There’s also qualified players like Duhan van der Merwe, Oli Kebble and Pierre Schoeman who may become available before 2023. Scotland has had an issue at loose-head since Ali Dickinson’s departure from the international scene.

We’ve been down this road before, of course. In 2007, the last time the Rugby World Cup was in France, Scotland reached the quarter-finals and lost an eminently winnable game against Argentina in the quarter-finals.

That team had a bunch of young players who were maturing, and I remember at the time the widespread view that four years on, in New Zealand in 2011, they would all be at their peak.

It didn’t quite work out that way. Hamstrung in part by a terribly limited gameplan, the Scots lost two close games to Argentina and England from positions of strength and failed to get out of the pool, the first time that had happened. Sunday in Yokohama was the second.

Injuries and fatigue will play a part. One of the most troubling of recent retirements was Lions and Wales captain Sam Warburton last year at only 29; a great player forced to quit prematurely because of the toll modern international rugby had taken on him.

All being well – which will never happen, obviously – here’s what I think Scotland’s 2023 team might look like.

Stuart Hogg; Darcy Graham, Rory Hutchinson, Sam Johnson, Blair Kinghorn; Adam Hastings, George Horne; Pierre Schoeman, George Turner, Zander Fagerson; Jonny Gray, Scott Cummings; Jamie Ritchie, Hamish Watson, Magnus Bradbury.

As this is the last of the diaries, and I’m on my way home, here’s the things I wish I could go way over my baggage allowance with, in no particular order…

The Shinkansen and the urban trains and the subways and everything on tracks, basically. My daily commute to Murrayfield during November Tests or 6 Nations time taking 20 minutes door-to-door is now a dream that seems achievable. Only, of course, it will never happen.

The convenience stores. Where there is everything from a cup of coffee to hot food to beer to ATMs to emergency underwear. There are literally hundreds of these shops – Family Mart, 7-11, the Lawson chain – all over Japan. Within two minutes’ walk of my Yokohama hotel, there were six convenience stores. Be careful of the crisps, though, you might get something unexpectedly fishy.

The widespread availability of blood orange juice. Saved a peely-wally North Country Boy in the heat every single day.

The toilets. I’ve hinted but haven’t gone into explicit detail about these, but they are amazing. Some of them even have special sound effect buttons – you know, to cover up the sound of anything you might be doing. Seriously.
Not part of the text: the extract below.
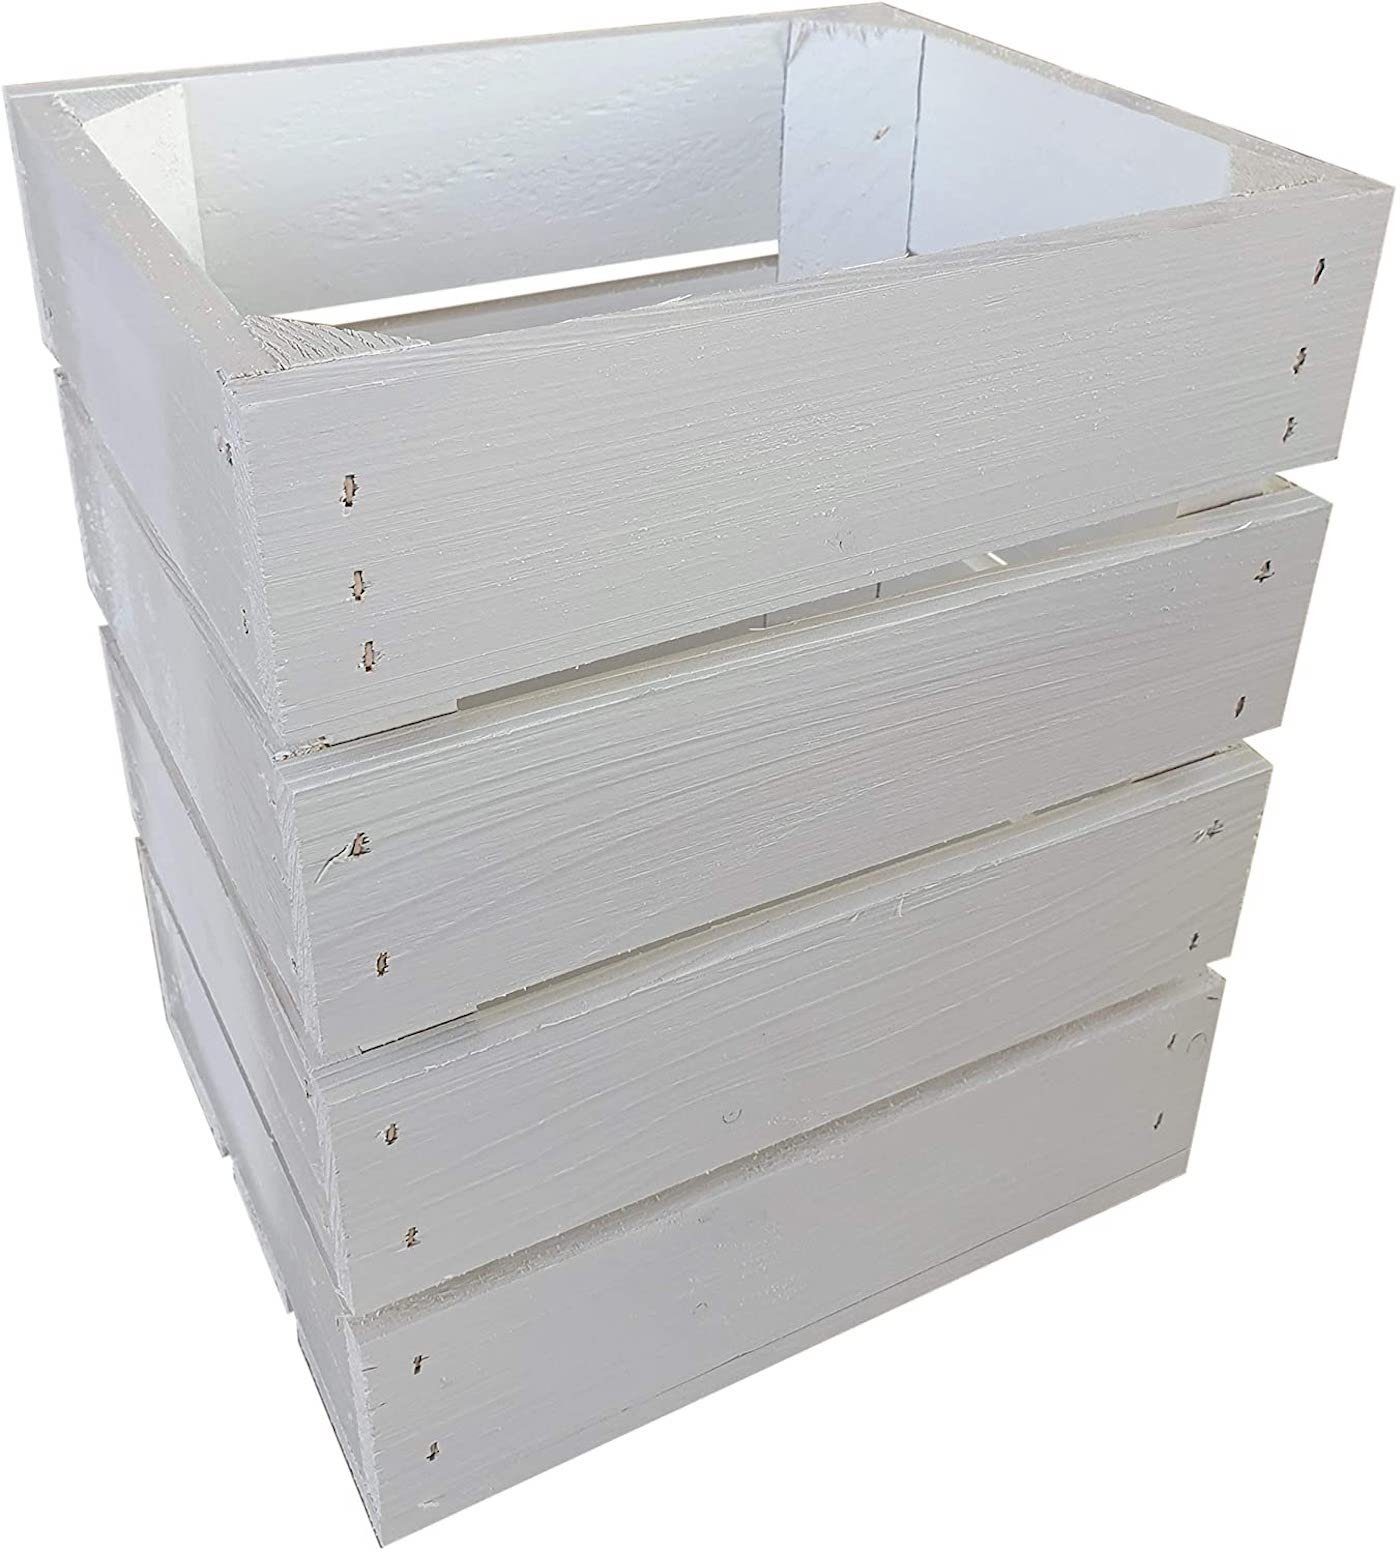 sunnypillow Holzkiste Holzkisten in vielen Farben zur Auswahl, Einzelkiste 25x20x30cm Weiß

Politeness and deference. I’m told by some that the ever-smiling greetings and actual professions of what an honour it is to serve you are quite insincere and that Japanese people really don’t like foreigners. I got little impression of that in nearly five weeks here. Sometimes the bowing can get a bit of hand, though.

Ramen. I’m hooked. Slurper for life.

Japanglish. It’s deeply patronising, of course, but Japan’s approximations of the English language, seen everywhere on billboards and t-shirts, are hilarious. I heard a theory that this is because they’re great at remembering English words but haven’t a clue about grammar.

They also aren’t great at context of some of our fruitier words. For example, at the elementary school Scotland visited when they were in Kobe, leading the young children was a teacher wearing a lanyard for her credentials which had the slogan “Fifty F—–g Five” printed on it.

In a junior school. Japan is a bit crazy.